On Fri, Feb 06, 2026, Jim Mattson wrote:
> On Fri, Feb 6, 2026 at 10:23 AM Yosry Ahmed <[email protected]> wrote:
> >
> > February 6, 2026 at 10:19 AM, "Sean Christopherson" <[email protected]> 
> > wrote:
> >
> >
> > >
> > > On Thu, Feb 05, 2026, Jim Mattson wrote:
> > >
> > > >
> > > > Cache g_pat from vmcb12 in svm->nested.gpat to avoid TOCTTOU issues, and
> > > >  add a validity check so that when nested paging is enabled for vmcb12, 
> > > > an
> > > >  invalid g_pat causes an immediate VMEXIT with exit code 
> > > > VMEXIT_INVALID, as
> > > >  specified in the APM, volume 2: "Nested Paging and VMRUN/VMEXIT."
> > > >
> > > >  Fixes: 3d6368ef580a ("KVM: SVM: Add VMRUN handler")
> > > >  Signed-off-by: Jim Mattson <[email protected]>
> > > >  ---
> > > >  arch/x86/kvm/svm/nested.c | 4 +++-
> > > >  arch/x86/kvm/svm/svm.h | 3 +++
> > > >  2 files changed, 6 insertions(+), 1 deletion(-)
> > > >
> > > >  diff --git a/arch/x86/kvm/svm/nested.c b/arch/x86/kvm/svm/nested.c
> > > >  index f72dbd10dcad..1d4ff6408b34 100644
> > > >  --- a/arch/x86/kvm/svm/nested.c
> > > >  +++ b/arch/x86/kvm/svm/nested.c
> > > >  @@ -1027,9 +1027,11 @@ int nested_svm_vmrun(struct kvm_vcpu *vcpu)
> > > >
> > > >  nested_copy_vmcb_control_to_cache(svm, &vmcb12->control);
> > > >  nested_copy_vmcb_save_to_cache(svm, &vmcb12->save);
> > > >  + svm->nested.gpat = vmcb12->save.g_pat;
> > > >
> > > >  if (!nested_vmcb_check_save(vcpu) ||
> > > >  - !nested_vmcb_check_controls(vcpu)) {
> > > >  + !nested_vmcb_check_controls(vcpu) ||
> > > >  + (nested_npt_enabled(svm) && !kvm_pat_valid(svm->nested.gpat))) {
> > > >  vmcb12->control.exit_code = SVM_EXIT_ERR;
> > > >  vmcb12->control.exit_info_1 = 0;
> > > >  vmcb12->control.exit_info_2 = 0;
> > > >  diff --git a/arch/x86/kvm/svm/svm.h b/arch/x86/kvm/svm/svm.h
> > > >  index 986d90f2d4ca..42a4bf83b3aa 100644
> > > >  --- a/arch/x86/kvm/svm/svm.h
> > > >  +++ b/arch/x86/kvm/svm/svm.h
> > > >  @@ -208,6 +208,9 @@ struct svm_nested_state {
> > > >  */
> > > >  struct vmcb_save_area_cached save;
> > > >
> > > >  + /* Cached guest PAT from vmcb12.save.g_pat */
> > > >  + u64 gpat;
> > > >
> > > Shouldn't this go in vmcb_save_area_cached?
> >
> > I believe Jim changed it after this discussion on v2: 
> > https://lore.kernel.org/kvm/[email protected]/.

LOL, oh the irony:

  I'm going to cache it on its own to avoid confusion.

> Right.
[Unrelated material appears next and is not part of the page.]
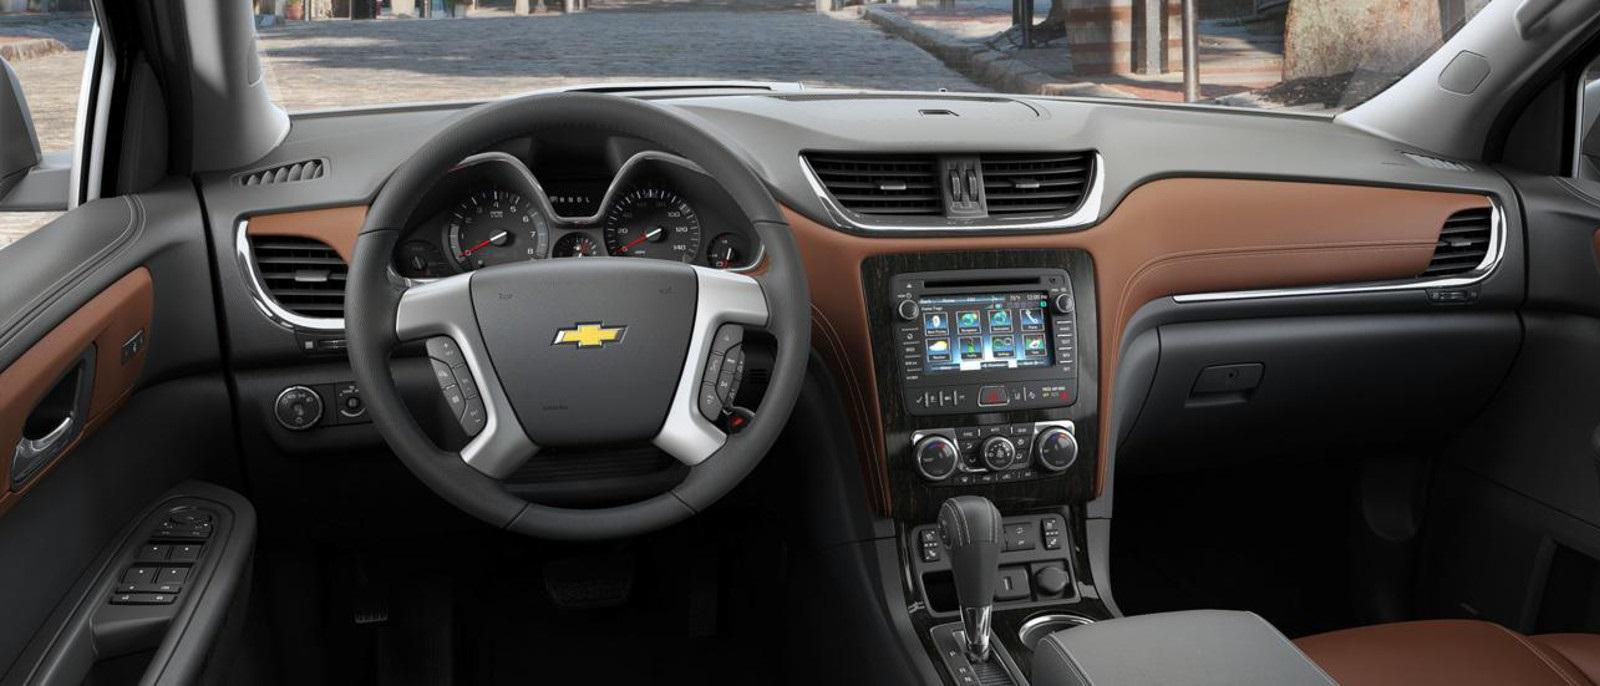 Chevrolet Traverse Interior Specs Psoriasisguru Com

The two issues with putting it in vmcb_save_area_cached were:
> 
> 1. Checking all of vmcb_save_area_cached requires access to the
> corresponding control area (or at least the boolean, "NTP enabled.")
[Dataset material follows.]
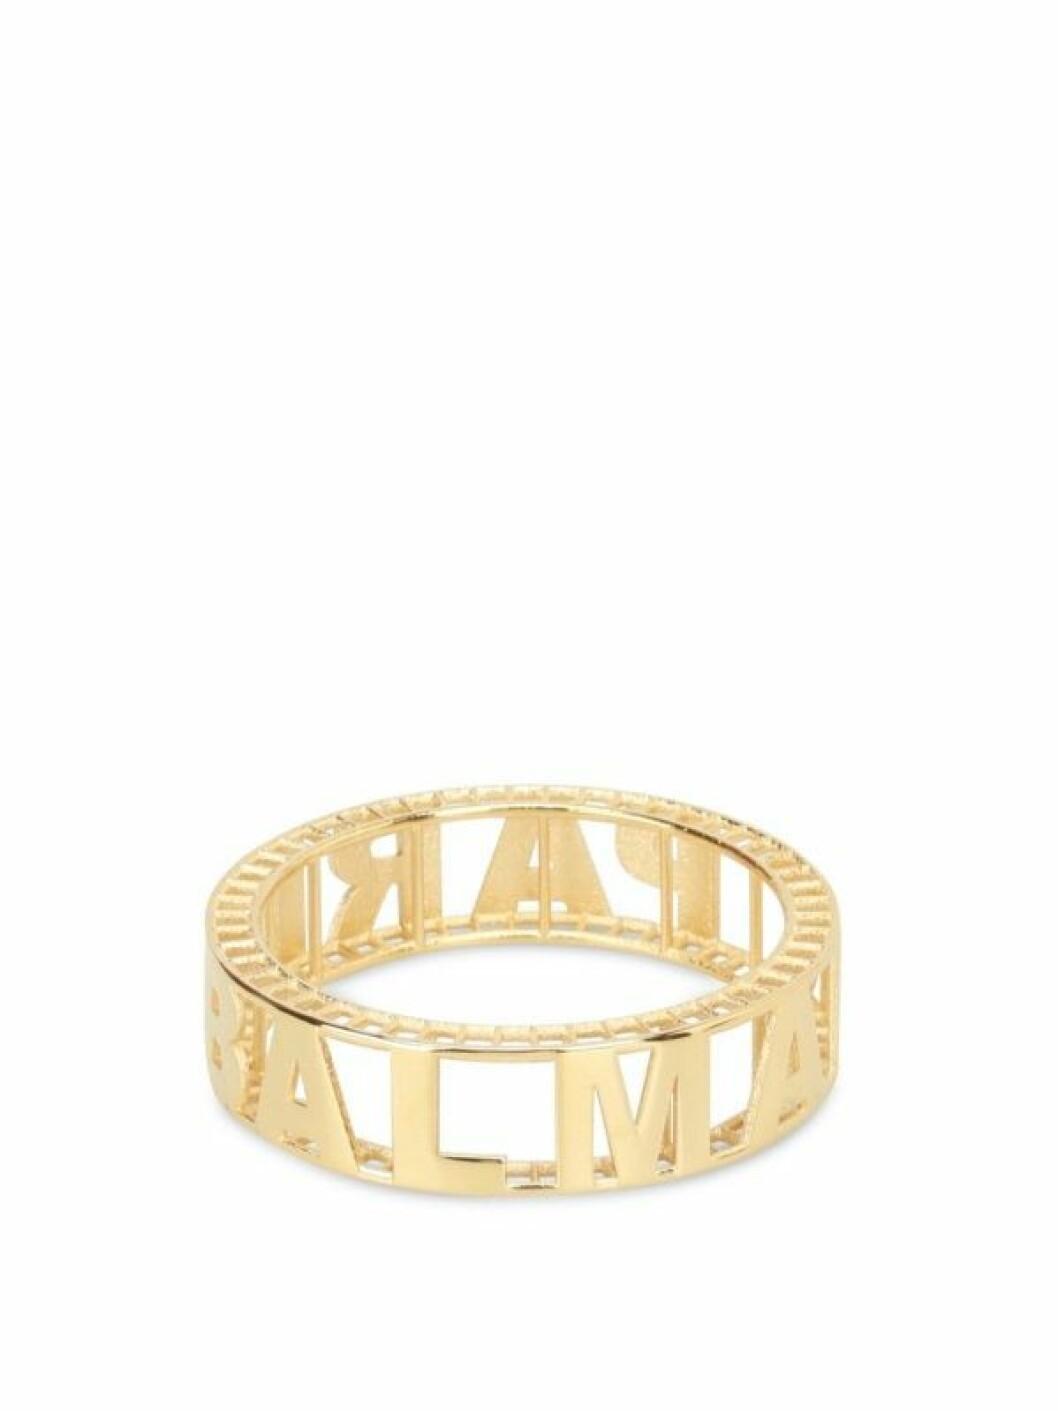 Balmain armband

Checking the control area seems like the right answer (I went down that path
before reading this).

> 2. In the nested state serialization payload, everything else in the
> vmcb_save_area_cached comes from L1 (host state to be restored at
> emulated #VMEXIT.)

Hmm, right, but *because* it's ignored, that gives us carte blanche to clobber 
it.
More below.

> The first issue was a little messy, but not that distasteful.

I actually find it the opposite of distasteful.  KVM definitely _should_ be
checking the controls, not the vCPU state.  If it weren't for needing to get at
MAXPHYADDR in CPUID, I'd push to drop @vcpu entirely.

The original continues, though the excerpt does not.